- [WORK TO BE COMPLETED]
Retype every line of the records exactly.

- [PROVIDED RECORDS]
● ● ● ● ● ● ●

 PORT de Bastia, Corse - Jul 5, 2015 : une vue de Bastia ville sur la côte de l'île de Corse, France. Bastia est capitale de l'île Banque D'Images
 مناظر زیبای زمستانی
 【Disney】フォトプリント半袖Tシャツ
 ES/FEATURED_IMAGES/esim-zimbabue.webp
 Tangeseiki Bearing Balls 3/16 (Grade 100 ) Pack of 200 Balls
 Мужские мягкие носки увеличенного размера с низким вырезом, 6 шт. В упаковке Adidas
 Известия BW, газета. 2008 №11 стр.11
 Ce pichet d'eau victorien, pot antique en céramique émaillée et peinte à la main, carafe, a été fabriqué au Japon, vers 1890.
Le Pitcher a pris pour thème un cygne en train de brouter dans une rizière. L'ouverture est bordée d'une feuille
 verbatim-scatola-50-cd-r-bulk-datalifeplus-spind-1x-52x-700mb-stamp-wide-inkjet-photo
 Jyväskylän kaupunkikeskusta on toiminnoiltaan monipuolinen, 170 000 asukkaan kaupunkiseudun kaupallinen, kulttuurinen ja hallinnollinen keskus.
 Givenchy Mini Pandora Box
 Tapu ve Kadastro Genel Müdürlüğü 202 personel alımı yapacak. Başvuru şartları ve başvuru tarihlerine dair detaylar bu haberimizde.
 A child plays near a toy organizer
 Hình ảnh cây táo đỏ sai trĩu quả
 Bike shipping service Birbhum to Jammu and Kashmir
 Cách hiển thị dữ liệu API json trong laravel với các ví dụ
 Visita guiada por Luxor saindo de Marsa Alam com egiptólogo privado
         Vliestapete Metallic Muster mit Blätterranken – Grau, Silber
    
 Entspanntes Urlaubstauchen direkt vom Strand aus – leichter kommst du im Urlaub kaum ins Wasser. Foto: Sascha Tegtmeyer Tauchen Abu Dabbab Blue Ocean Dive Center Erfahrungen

● ● ● ● ● ● ●

- [WRITTEN ANSWER]
 PORT de Bastia, Corse - Jul 5, 2015 : une vue de Bastia ville sur la côte de l'île de Corse, France. Bastia est capitale de l'île Banque D'Images
 مناظر زیبای زمستانی
 【Disney】フォトプリント半袖Tシャツ
 ES/FEATURED_IMAGES/esim-zimbabue.webp
 Tangeseiki Bearing Balls 3/16 (Grade 100 ) Pack of 200 Balls
 Мужские мягкие носки увеличенного размера с низким вырезом, 6 шт. В упаковке Adidas
 Известия BW, газета. 2008 №11 стр.11
 Ce pichet d'eau victorien, pot antique en céramique émaillée et peinte à la main, carafe, a été fabriqué au Japon, vers 1890.
Le Pitcher a pris pour thème un cygne en train de brouter dans une rizière. L'ouverture est bordée d'une feuille
 verbatim-scatola-50-cd-r-bulk-datalifeplus-spind-1x-52x-700mb-stamp-wide-inkjet-photo
 Jyväskylän kaupunkikeskusta on toiminnoiltaan monipuolinen, 170 000 asukkaan kaupunkiseudun kaupallinen, kulttuurinen ja hallinnollinen keskus.
 Givenchy Mini Pandora Box
 Tapu ve Kadastro Genel Müdürlüğü 202 personel alımı yapacak. Başvuru şartları ve başvuru tarihlerine dair detaylar bu haberimizde.
 A child plays near a toy organizer
 Hình ảnh cây táo đỏ sai trĩu quả
 Bike shipping service Birbhum to Jammu and Kashmir
 Cách hiển thị dữ liệu API json trong laravel với các ví dụ
 Visita guiada por Luxor saindo de Marsa Alam com egiptólogo privado
         Vliestapete Metallic Muster mit Blätterranken – Grau, Silber
    
 Entspanntes Urlaubstauchen direkt vom Strand aus – leichter kommst du im Urlaub kaum ins Wasser. Foto: Sascha Tegtmeyer Tauchen Abu Dabbab Blue Ocean Dive Center Erfahrungen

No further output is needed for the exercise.